* [INSTRUCTIONS FOR THE TASK] Without including any images, repeat the listing below exactly.

* [DATASET SECTION]
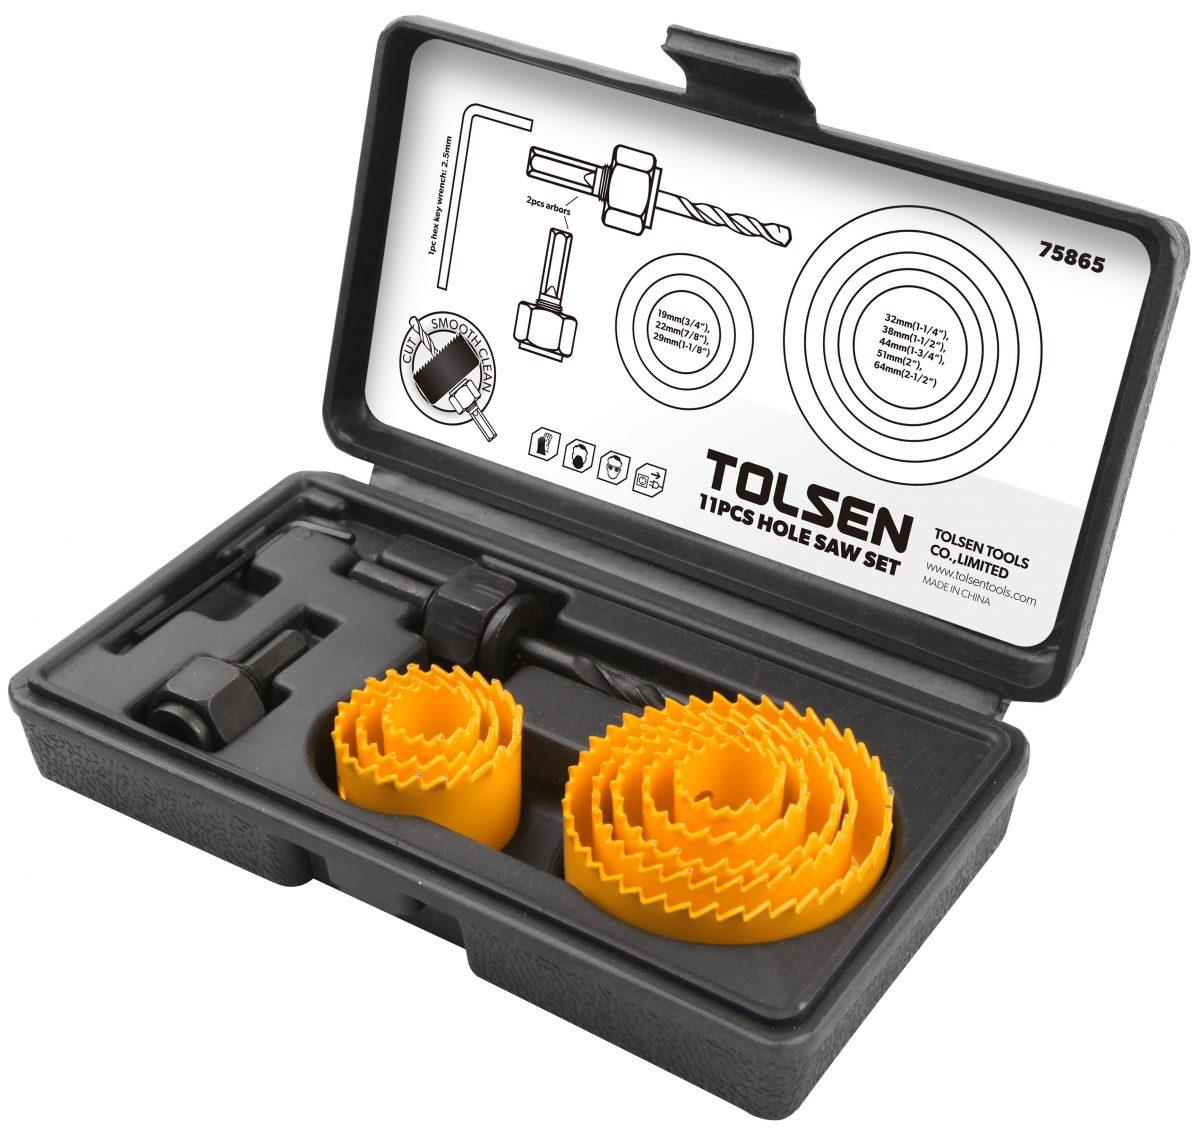 Hole saw-plastic-wood-11pcs-kit-downlight-plastic-75865
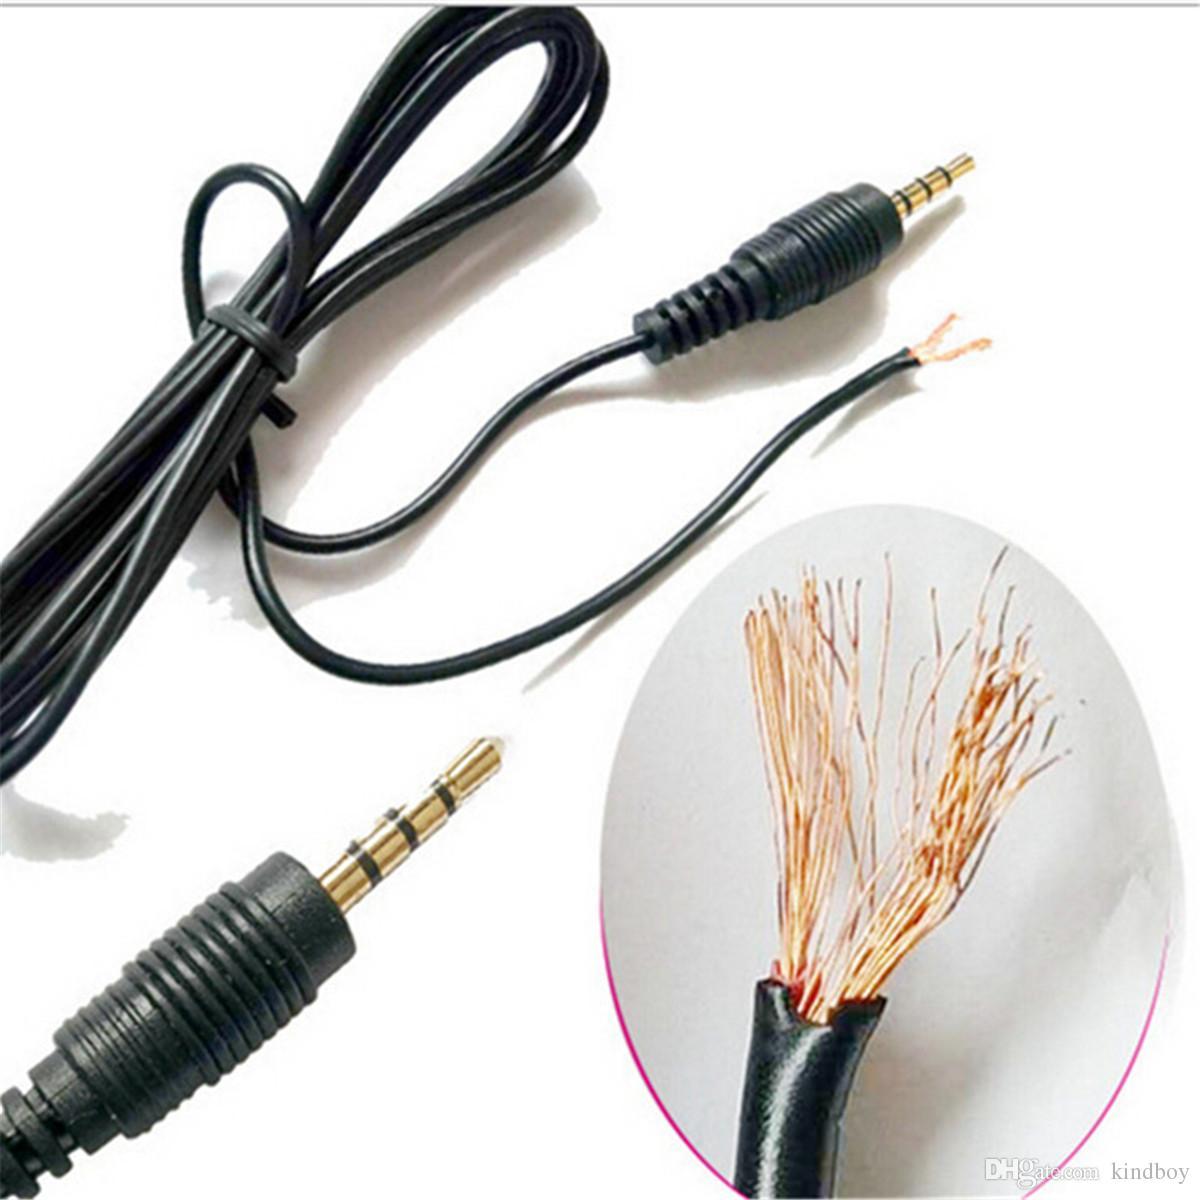 Portable Mini Clip-on Revers Lavalier Mikrofon 3,5 mm Klinke Freisprecheinrichtung Mini Wired Kondensatormikrofon für iPhone Samsung Smartphone
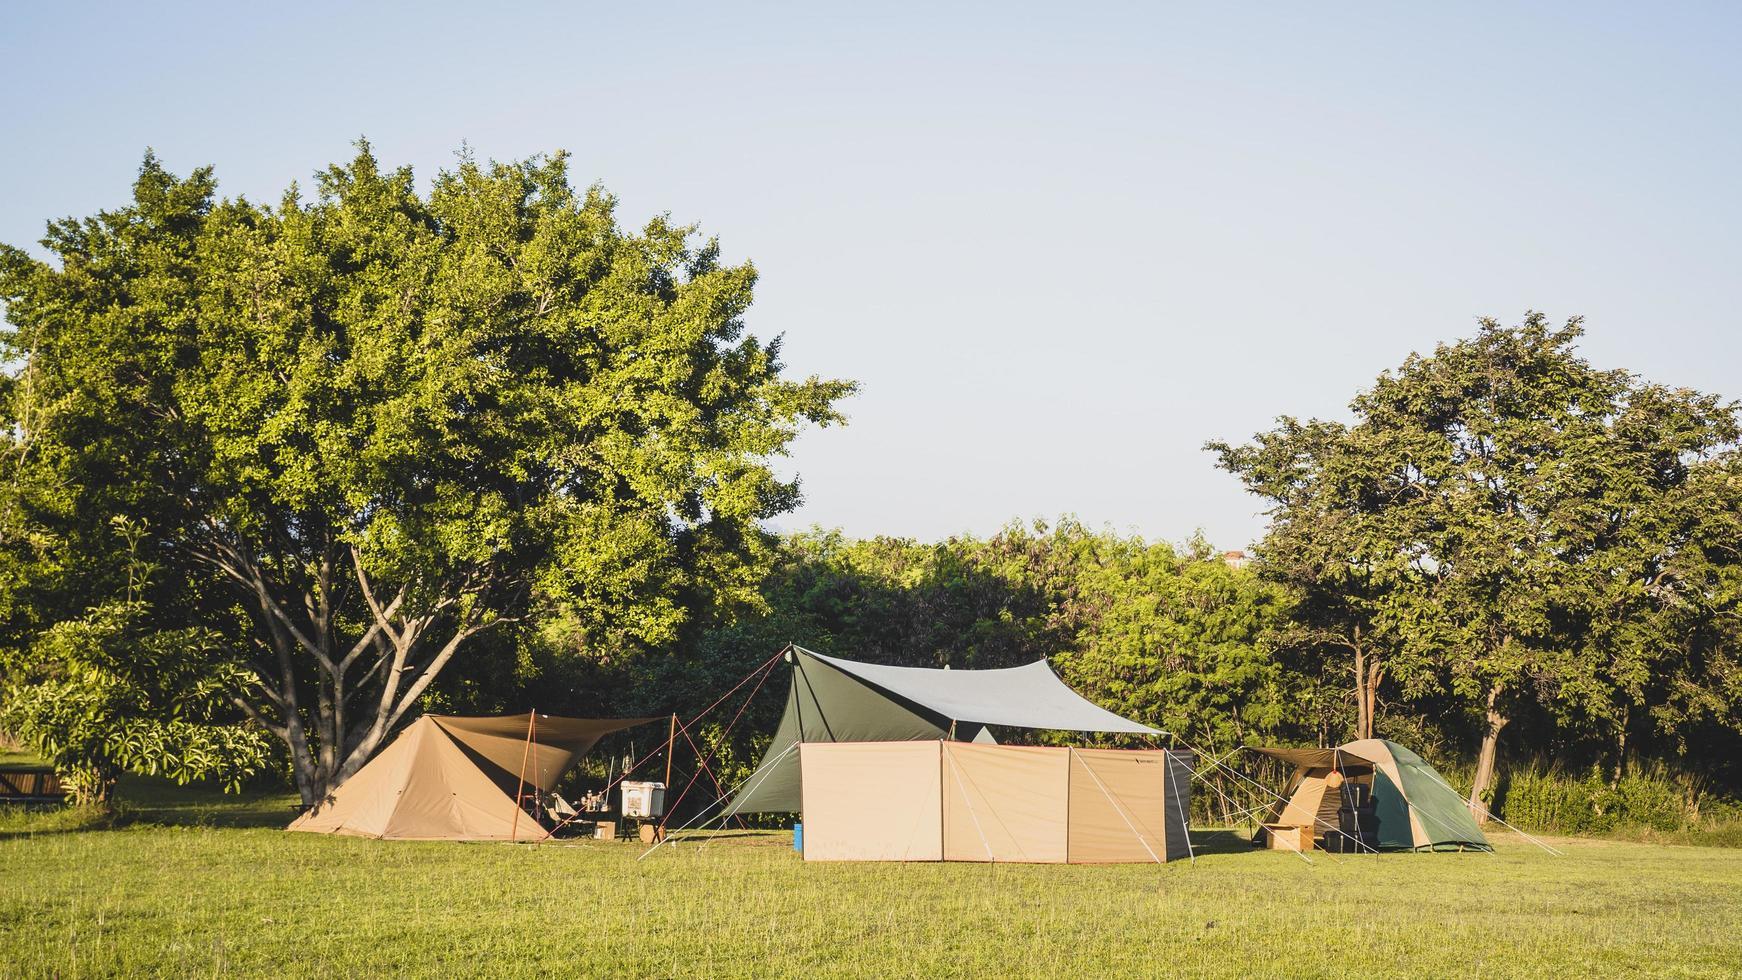 camping tente touristique photo

* [SOLVED EXERCISE]
 Hole saw-plastic-wood-11pcs-kit-downlight-plastic-75865
 Portable Mini Clip-on Revers Lavalier Mikrofon 3,5 mm Klinke Freisprecheinrichtung Mini Wired Kondensatormikrofon für iPhone Samsung Smartphone
 camping tente touristique photo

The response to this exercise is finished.